Portrait de Goethe en 1828 par J.K. Stieler
Voyager en Italie
La personnalité de Johann Wolgang von Goethe fournit une magnifique illustration de la figure d’un collectionneur héritier et héréditaire, notamment parce que son père était féru d’estampes romaines.

Lorsque Goethe était enfant, son père prenait plaisir à lui parler des peintures qu’il avait rassemblées, notamment les œuvres des précurseurs de Giovanni Battista Piranesi. De cette manière, il a inculqué à son fils ses propres goûts italianisants, en l’initiant aux merveilles du pays latin et aux sonorités de la langue italienne. Cette initiation sera particulièrement utile à Johann Wolfgang lors de ses voyages en Italie, car il pourra non seulement s’exprimer dans la langue locale, mais aussi y repérer aisément les hauts lieux à visiter.
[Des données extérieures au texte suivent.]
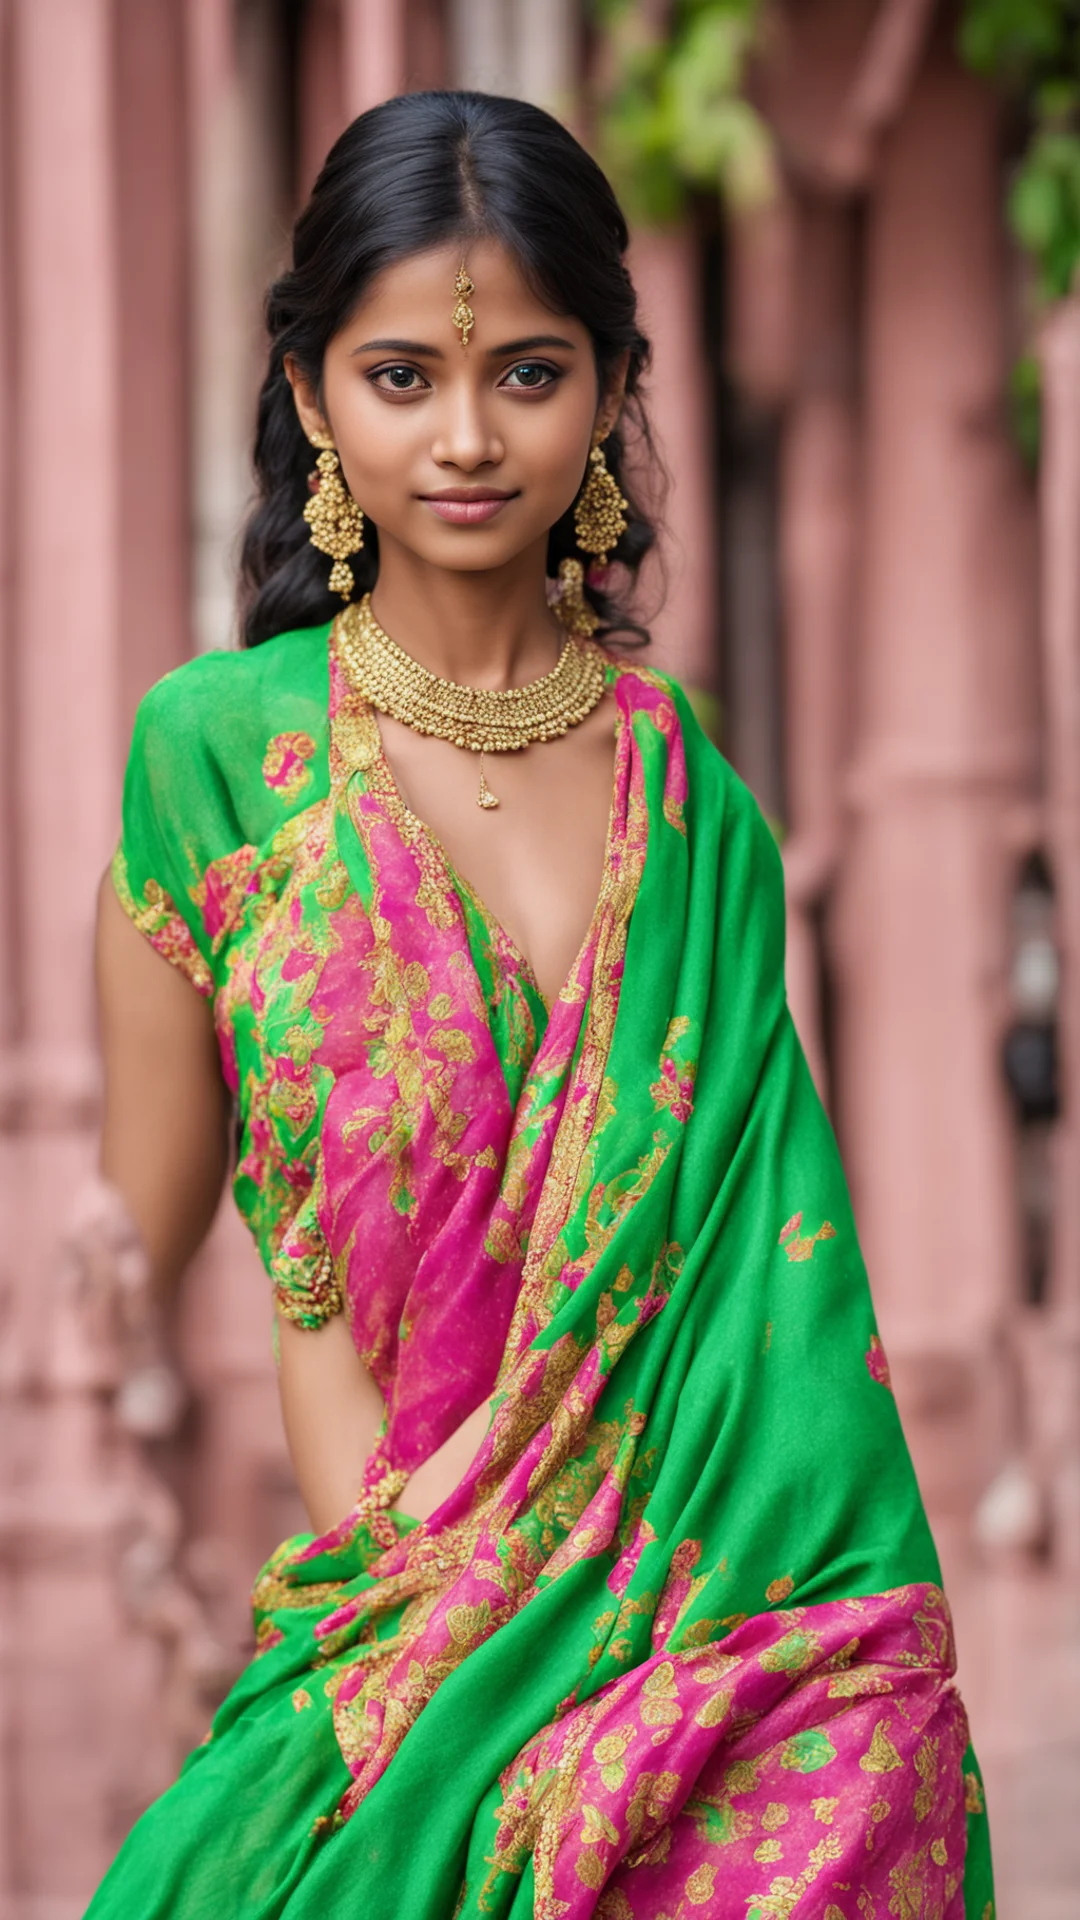 aiindian girl in saree good looking trending fantastic 1 tall

Il est ainsi établi que cet écolage aura contribué au départ pour l’Italie de Goethe en 1786. Ce voyage fut bien plus qu’une escapade, car il durera près de deux ans, pendant lesquels le poète s’arrêta à Vérone, Vicence, Padoue, Venise, Ferrare, Bologne, Florence, Pérouse et Rome, avant de découvrir en Sicile de nombreux temples et ruines antiques.

Goethe manifestait une réelle passion pour les vestiges de la Grande Grèce antique, au point qu’une de ses représentations favorite est le tableau de Johan Heinrich Wilhelm Tischbein, le figurant dans la campagne romaine entouré de ruines et méditant sur la Grèce antique. Perdu dans ses pensées, le poète allemand est assis sur des restes d’un obélisque.
Devenu fort connu depuis lors, ce tableau fut peint à Rome, lors du passage de Goethe en 1787, par celui qui fut pour lui un ami intime et qui dessina d’ailleurs aussi des aquarelles du poète.
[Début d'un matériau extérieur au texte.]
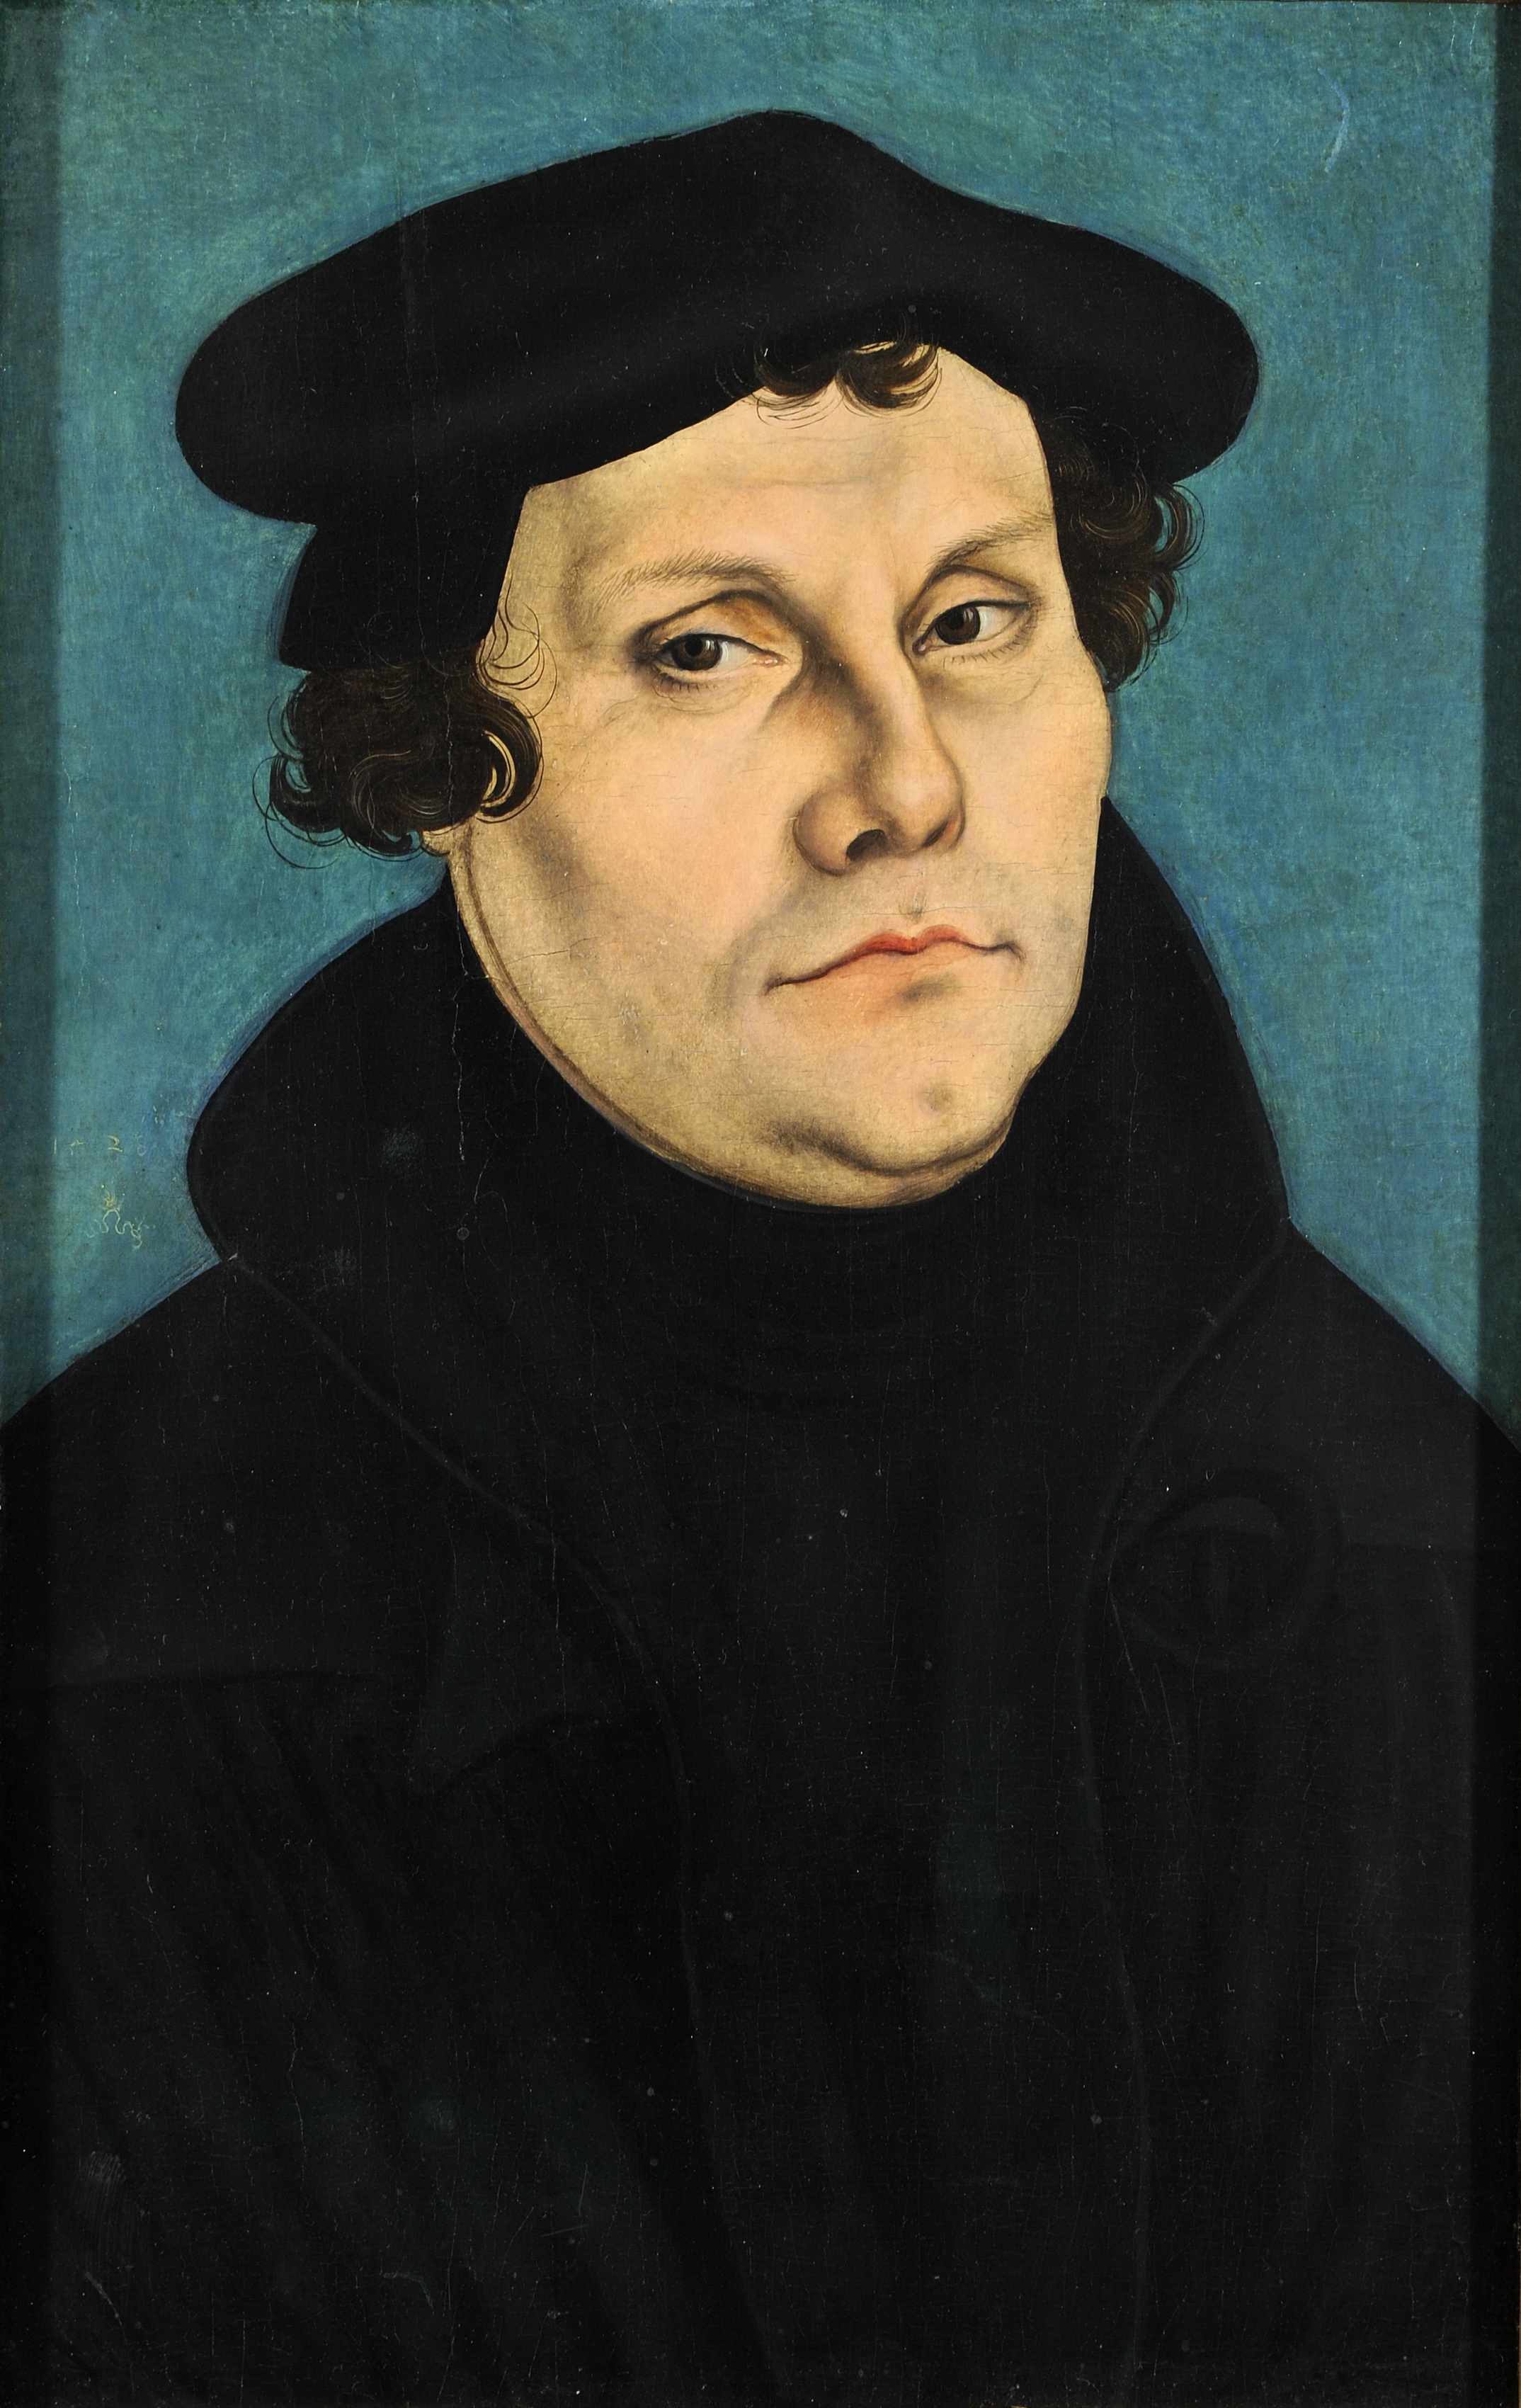 Lucas Cranach d.Ä. - Martin Luther, 1528 (Veste Coburg).jpg

Tischbein - Goethe dans la campagne romaine
Tischbein - Goethe dans la campagne romaine

Tischbein a pu saisir toute la passion intériorisée de Goethe et montrer un moment d’arrêt dans la vie de celui qui fut un grand itinérant. Goethe incarne en effet parfaitement le type du collectionneur voyageur : quittant Weimar non seulement pour s’éloigner de la routine et des femmes, mais aussi pour découvrir de nouveaux univers et surtout y faire récolte d’une série d’objets qui le passionnent, qu’il s’agisse de minéraux ou de vestiges du passé : médailles, bronzes, plâtres divers.

Tischbein est-il conscient qu’en peignant un voyageur pensif, occupé à se recueillir et prêt à reprendre la route, il dresse simultanément un portrait de Goethe collectionneur, tant les expressions lexicales allemandes qui servent à désigner les deux actions sont similaires ?

Sammlung ne signifie-t-il pas tout à la fois, réunion, quête, collection, recueil, et selon certains, recueillement ?
Ainsi, dans Goethe, ou la nostalgie du voyageur, préface rédigée par Jean Lacoste au Voyage en Italie de Johann Wolfgang von Goethe, on peut lire que « le recueillement du passé se combine à la collection : l’attention portée aux choses, par ce qu’on pourrait appeler l’étude et le recueillement, par la collection et la récollection. » (Bartillat, Paris, 2003, p. XXIV). « Goethe lui-même, écrit-il, joue avec les différents sens de Sammlung » (op. cit. p. XLI).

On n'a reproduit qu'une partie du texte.